5. Arrocha — Curumin
Esse é o terceiro disco do Curumin, o bateirista cheio de groove da voz macia que mais uma vez se mostra como um Jorge Ben do nosso tempo. Porém, ao contrário das tantas cópias do homem de Ben que estão por aí, Curumin é anos 2000, bebe do passado e do presente e, talvez sem querer, mostra uma MPB do futuro; um disco simples com arranjos bem cheios, batidas quebradas, baladinhas pra encantar as meninas, relatos urbanos e goles de esperança, tudo bem funk e esfumaçado, só pra ficar melhor. Uma grande salada, saborosa e muito bem temperada.
Baixe!
6. Trabalhos Carnívoros — Gui Amabis
No primeiro disco, Amabis tinha lançado um conjunto de canções que tinham mais cara de coletivo do que o disco de um homem só; Trabalhos Carnívoros traz canções que se unem numa guitarra baixo e bateria que tocam quase em uníssino parecendo um único instrumento. A pegada Clube da Esquina é um tanto quanto inegável, dado o macio das canções, porém o clima não é o bucólico interior de Minas, mas a bagunçada capital paulista que em meio aos problemas urbanos ainda respira refúgios de silêncio, beleza e esperança.
7. Claridão — Silva
O primeiro disco do capixaba Silva (antes só tinha um EP) não surpreende, pois surge como uma continuação do seu EP, mas também não deixa a bola cair. Silva é cancioneiro abstrato que brinca com figuras fantásticas em meio a acontecimento cotidianos e, no Brasil, isso não podia ir muito longe do repente, do baião ou mesmo do samba, afinal temos diferentes magos que encantaram através da viola, da gaita ou do cavaquinho. O diferente de Silva é que ao invés de um instrumento desplugado, Silva é digital, sua magia é regada pelos teclas ou do computador ou dos diferentes timbres de um teclado que combinados a sua voz macia surge um disco bem eletrônicos, com batidas bem carregadas mas incrivelmente leve.

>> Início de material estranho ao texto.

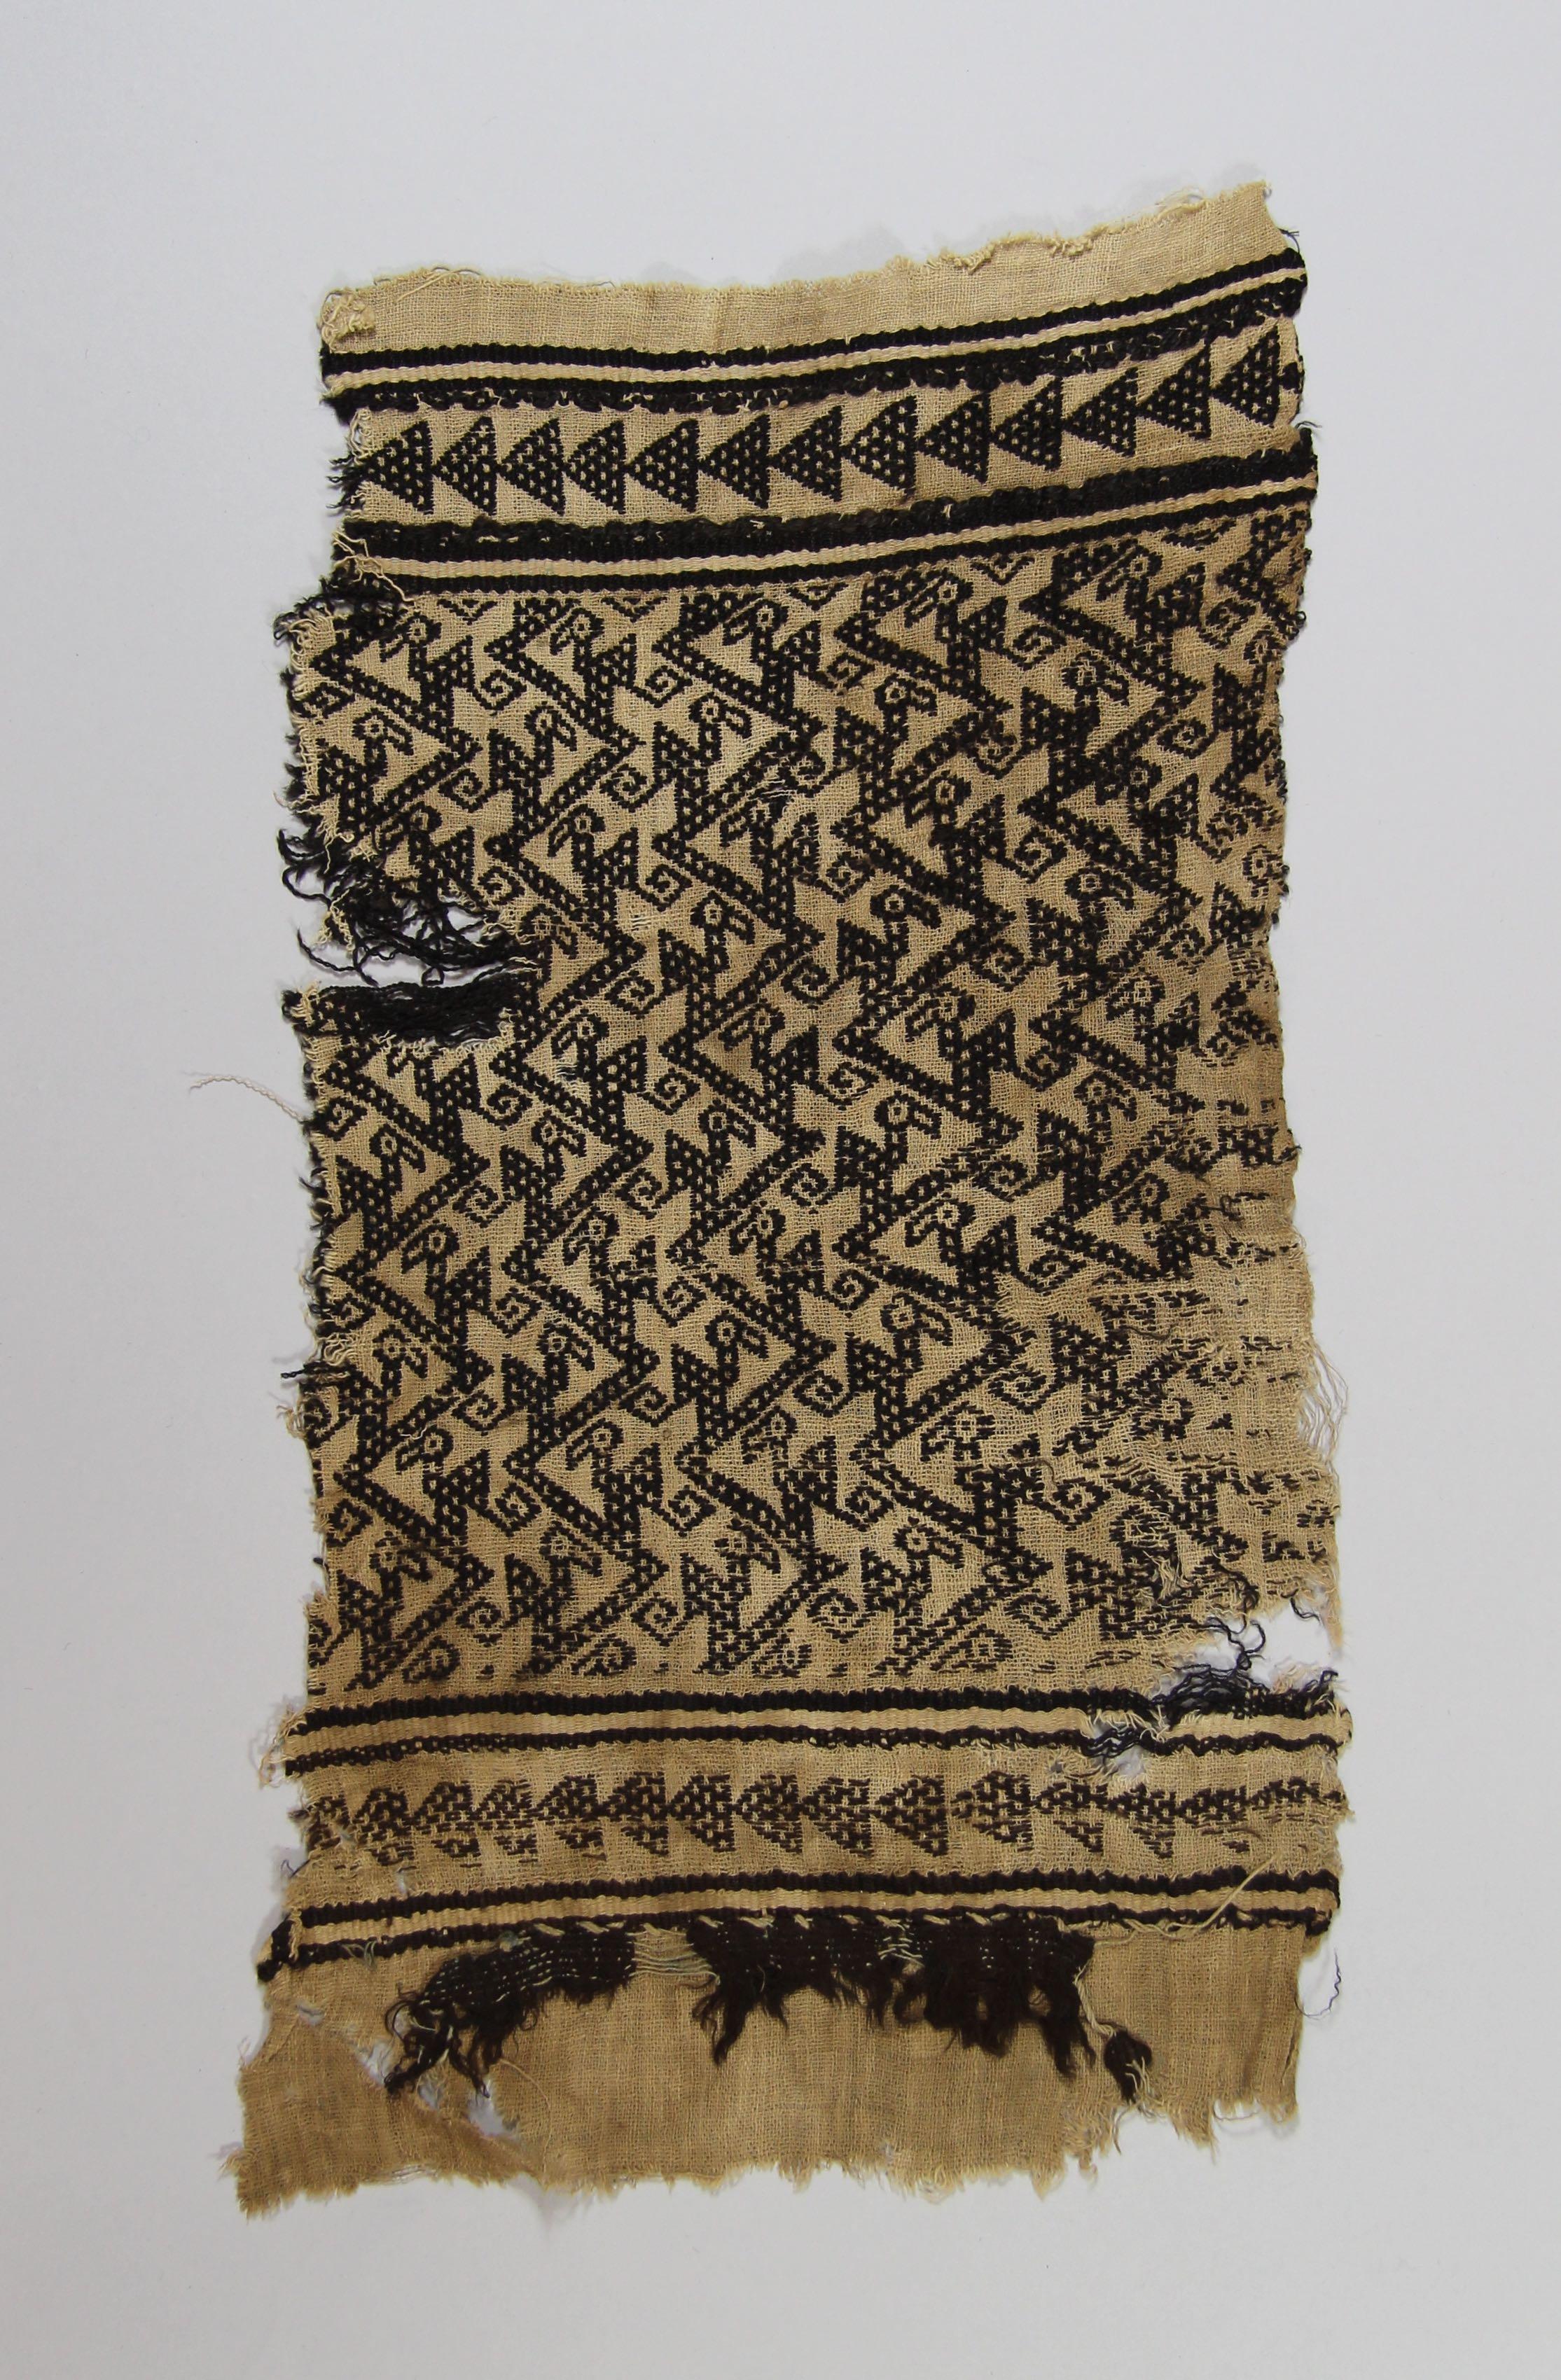 Woven textile (fragment)

8. Metal Metal — Metá Metá
Esse disco talvez seja o mais perigoso de aparecer nessa lista em um site cristão pois essa banda se utiliza de toda a mitologia de algumas religiões africanas; antes trazer os pontos interessantes desse disco faço questão de frizar que encaro os símbolos usados pela banda da mesma forma que encaro a mitologia grega ou egípcia, ou seja, pra mim são personagens de histórias fictícias, não são seres sobrenaturais com algum poder sobre-humano. Se você tem problema, ou um passado com esse tipo de manifestação (cultural e religiosa) simplesmente não ouça, se afaste daquilo que te incomoda.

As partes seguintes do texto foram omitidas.